PHP Quirks – String manipulation by offset
Just a quick update for a mild PHP Quirk/annoyance I have noticed recently while doing some manipulation of strings by character offset.
Say you have a string, such as ‘abcde’; Now, suppose you want to check the value of the third character (at index 2). You might have done something like this:
$str = 'abcde'; if ($str{2} == 'c') { // do something... }
And, of course, that’s all fine, well and dandy, it does what you expect and you can move on with your life. In fact, if you’re in to micro-optimizations, that construct provides a great way to check a string for minimum length, and is, on average, 44% faster than using strlen(). However, you can use this same construct to change the value of the character at whatever string you’re working with. It works roughly as expected, but with a few gotchas:
/** * Gotcha #0 - Adding multiple characters to a single offset; shouldn't really be a gotcha */ $str = 'abc123'; $str{1} = 'a'; // aac123 $str{4} = '123'; // aac113 /** * Gotcha #1 - Adding characters past the end of the string */ $str{7} = 'c'; // aac113 c echo ord($str{6}); // prints '32', the space character /** * Gotcha #2 - Adding characters to an empty string */ $str = ''; $str{0} = 'a'; // array( 0 => 'a' )

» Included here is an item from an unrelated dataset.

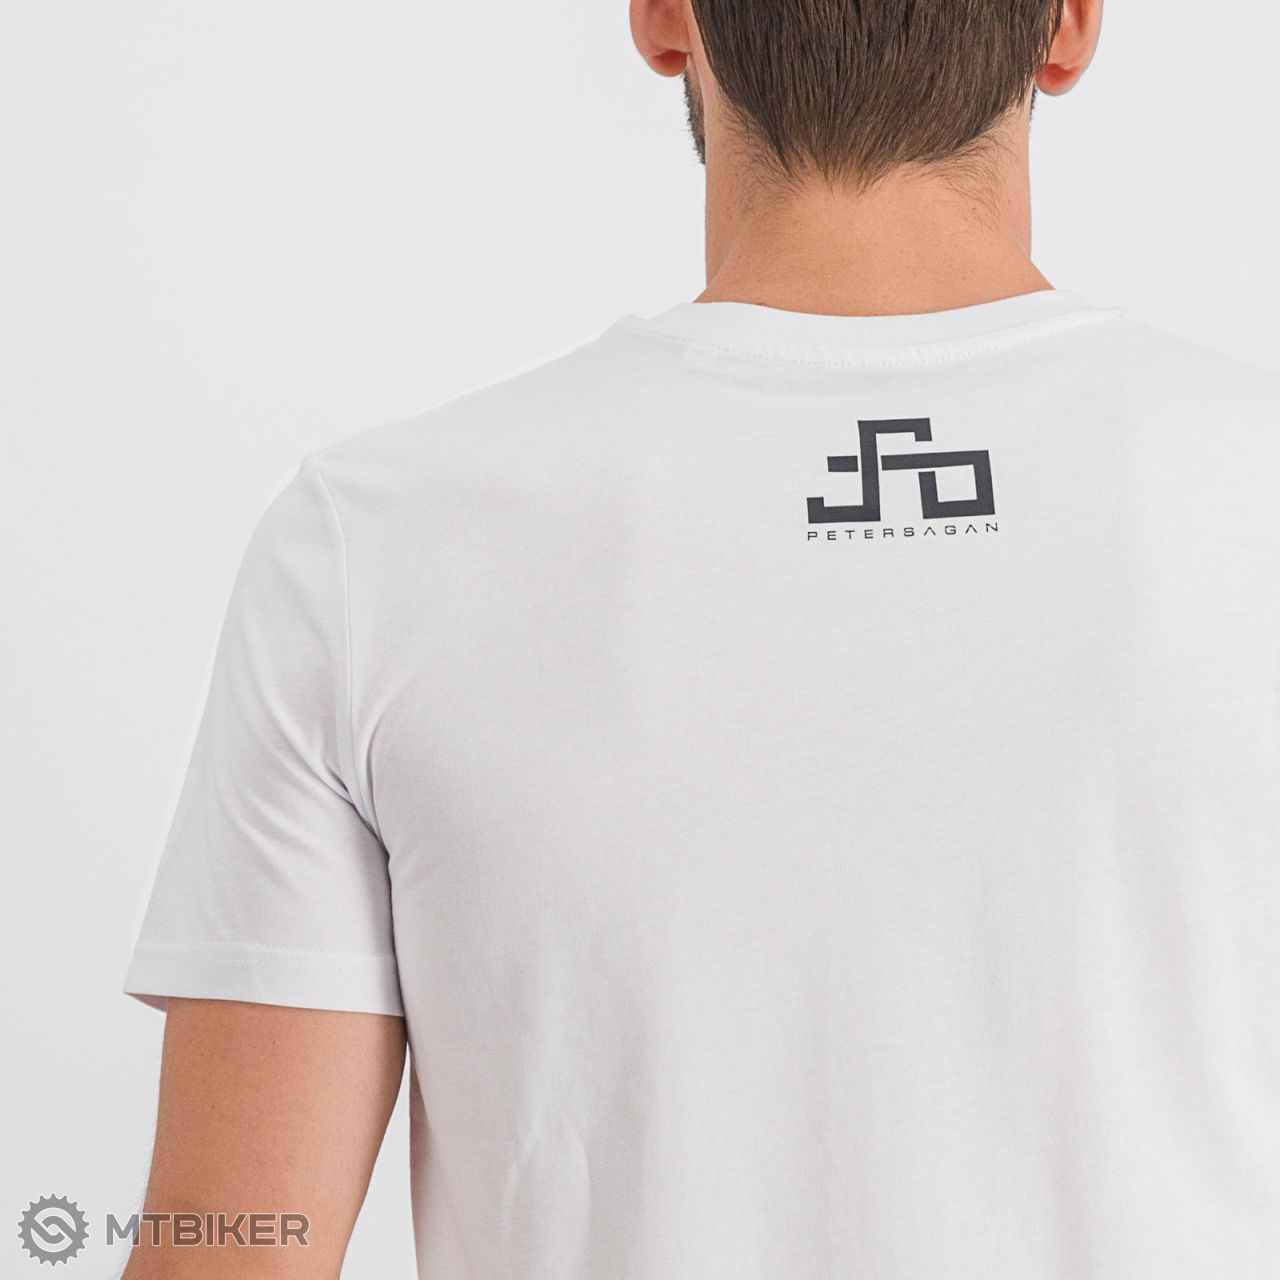 Sportful PETER SAGAN 111 tričko, biela - MTHIKER Shop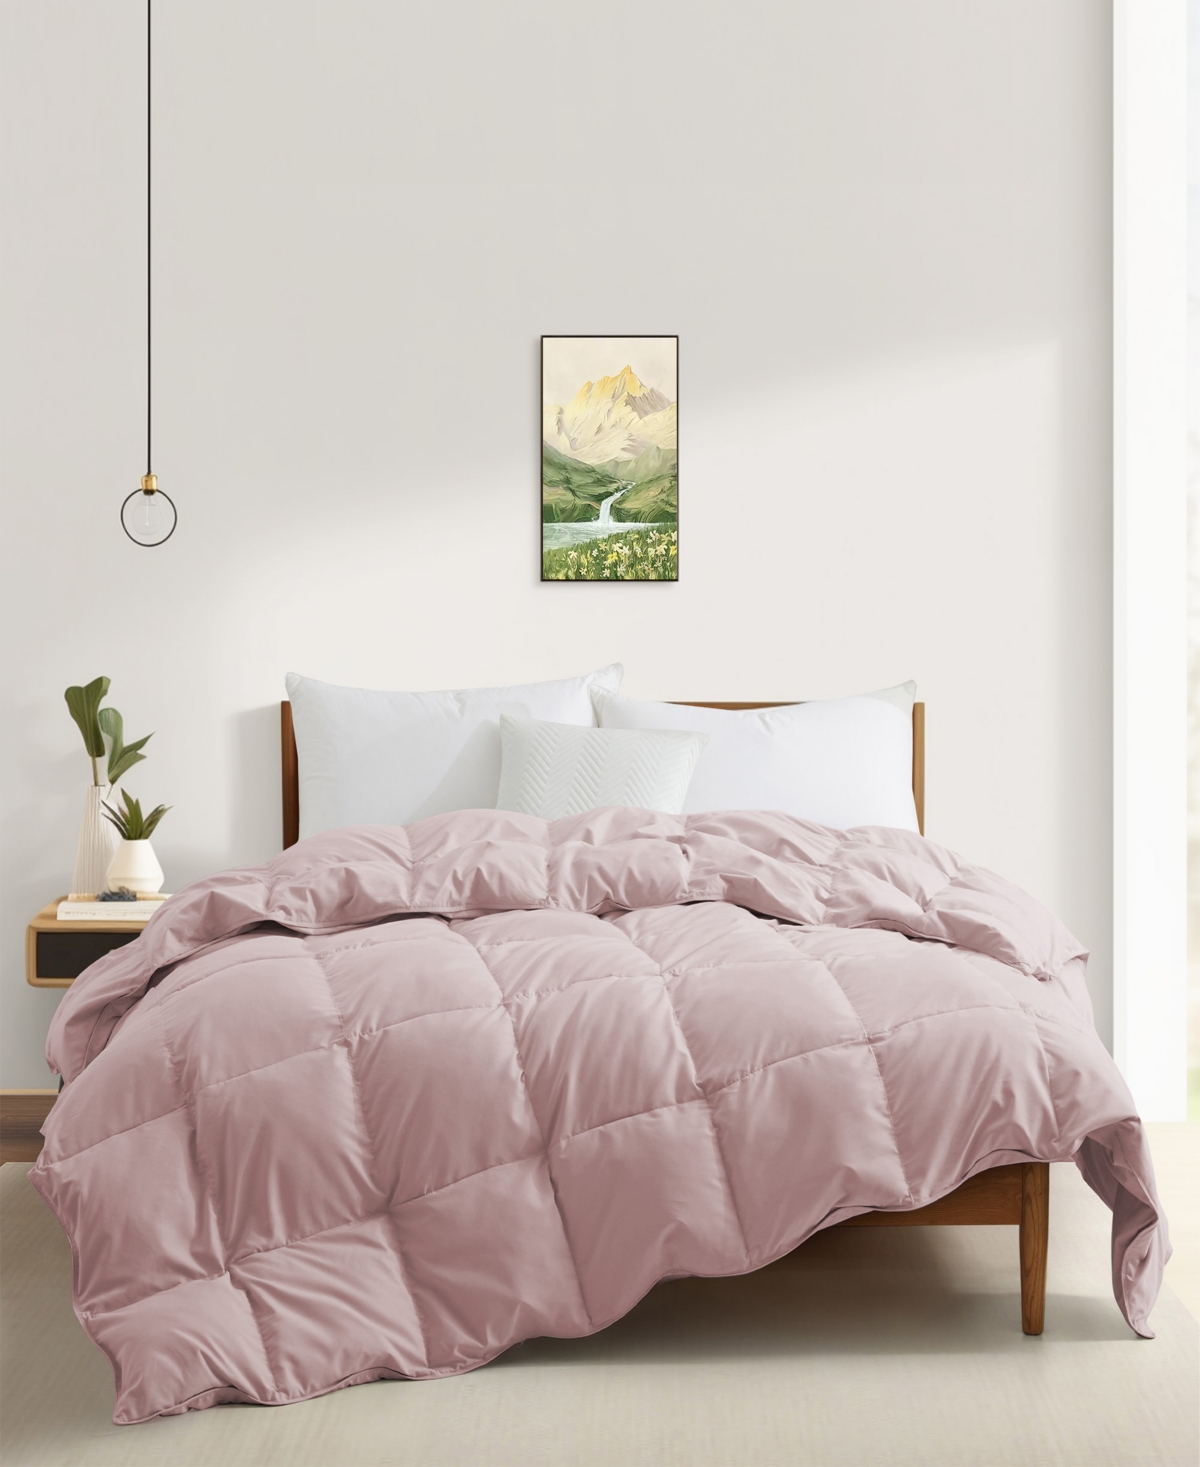 Unikome Lightweight White Goose Down Feather Fiber Comforter, California King In Pink

In the first case, we see that, rather than leave the “uninitialized” area between where we’ve defined characters as a null character, it has been silently converted to a space. Arguably, this is so that an isset($str[6]); check would not return false, but this is important to know if you expected the values of those spaces to remain at zero.
In the second case, we see PHP’s weak typing in place; since an empty string has no offsets to begin with, attempts to add characters results in silent conversion to an array.